ACTIVITY ▸ Without including any pictures, reproduce all the lines below word for word.
*** GIVEN MATERIAL Section Begins ***
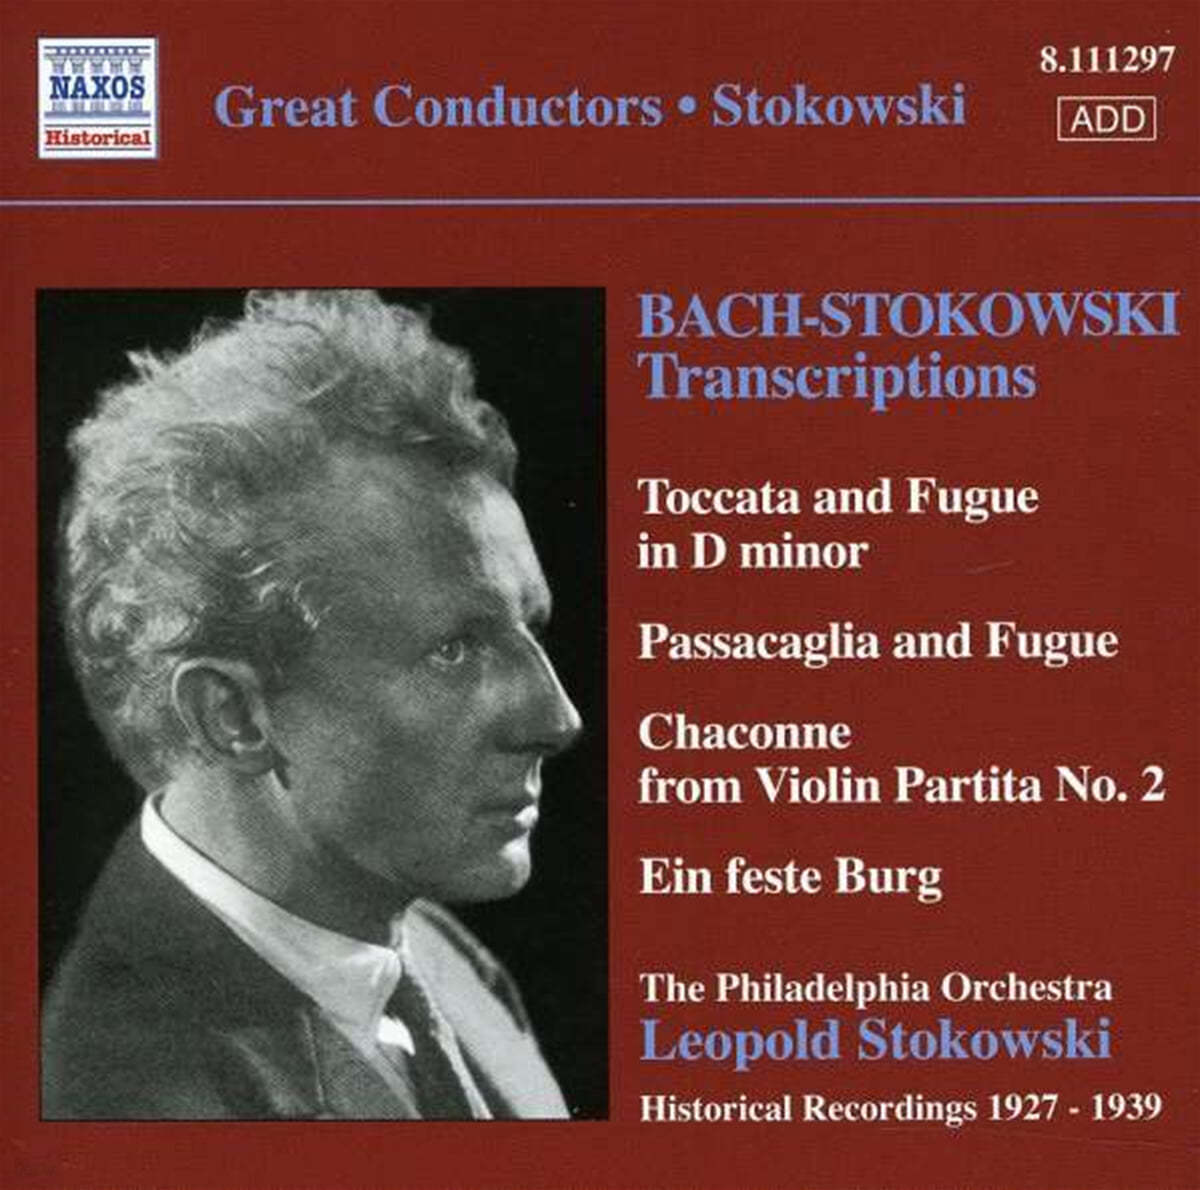 Philadelphia Orchestra 바흐-스토코프스키: 관현악 편곡작품 모음 (J.S.Bach - Stokowski: Transkriptionen) 
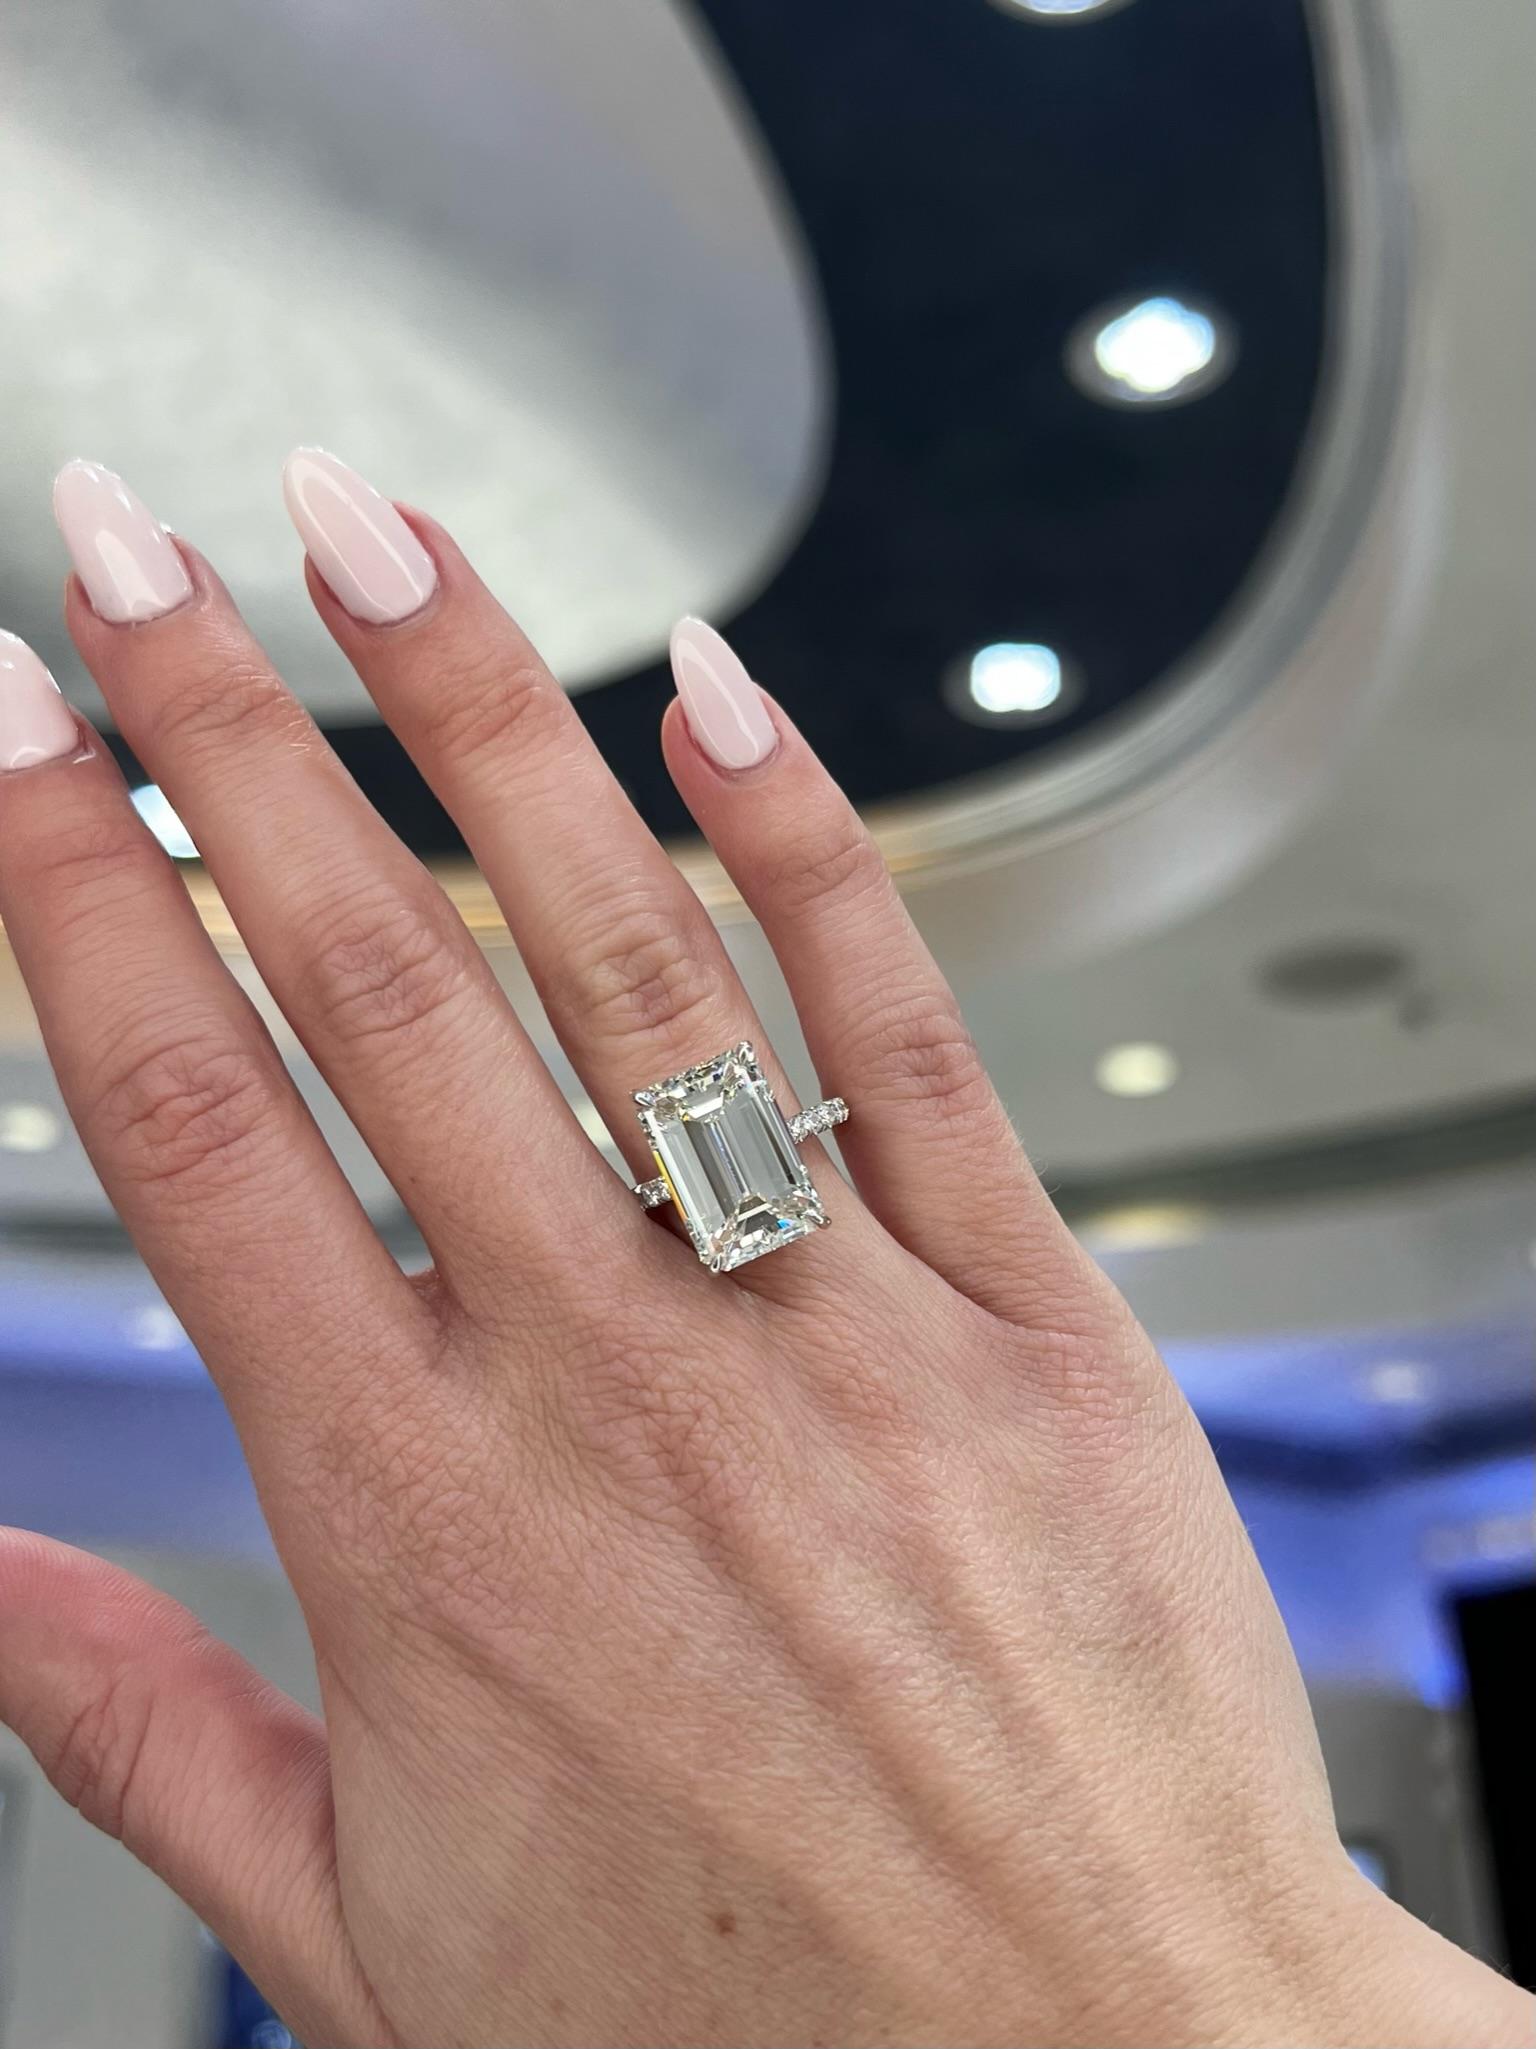 David Rosenberg 10.86 Carat Emerald Cut I VS2 GIA Diamond Engagement Ring For Sale 2
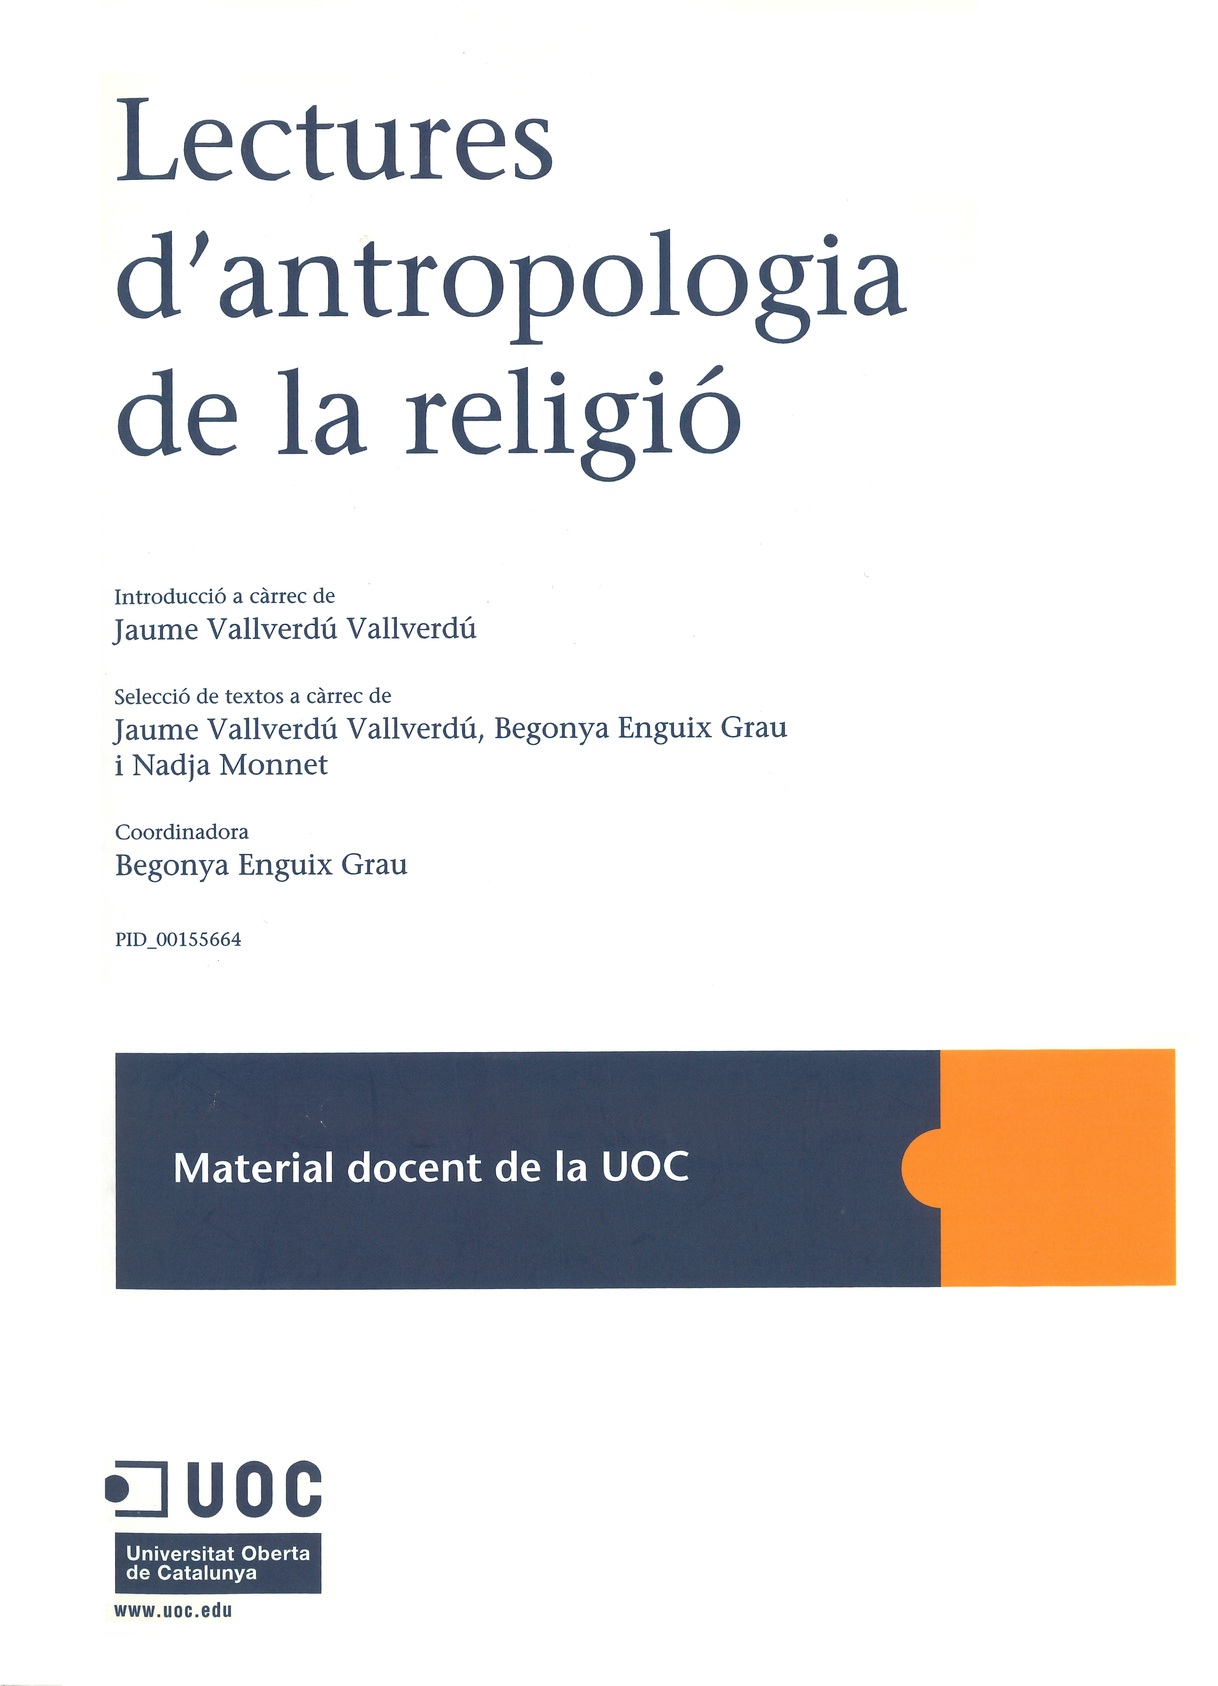 Imagen de portada del libro Lectures d'antropologia de la religió
*** GIVEN MATERIAL Section Ends ***
TASK RESPONSE ▸
 Philadelphia Orchestra 바흐-스토코프스키: 관현악 편곡작품 모음 (J.S.Bach - Stokowski: Transkriptionen) 
 David Rosenberg 10.86 Carat Emerald Cut I VS2 GIA Diamond Engagement Ring For Sale 2
 Imagen de portada del libro Lectures d'antropologia de la religió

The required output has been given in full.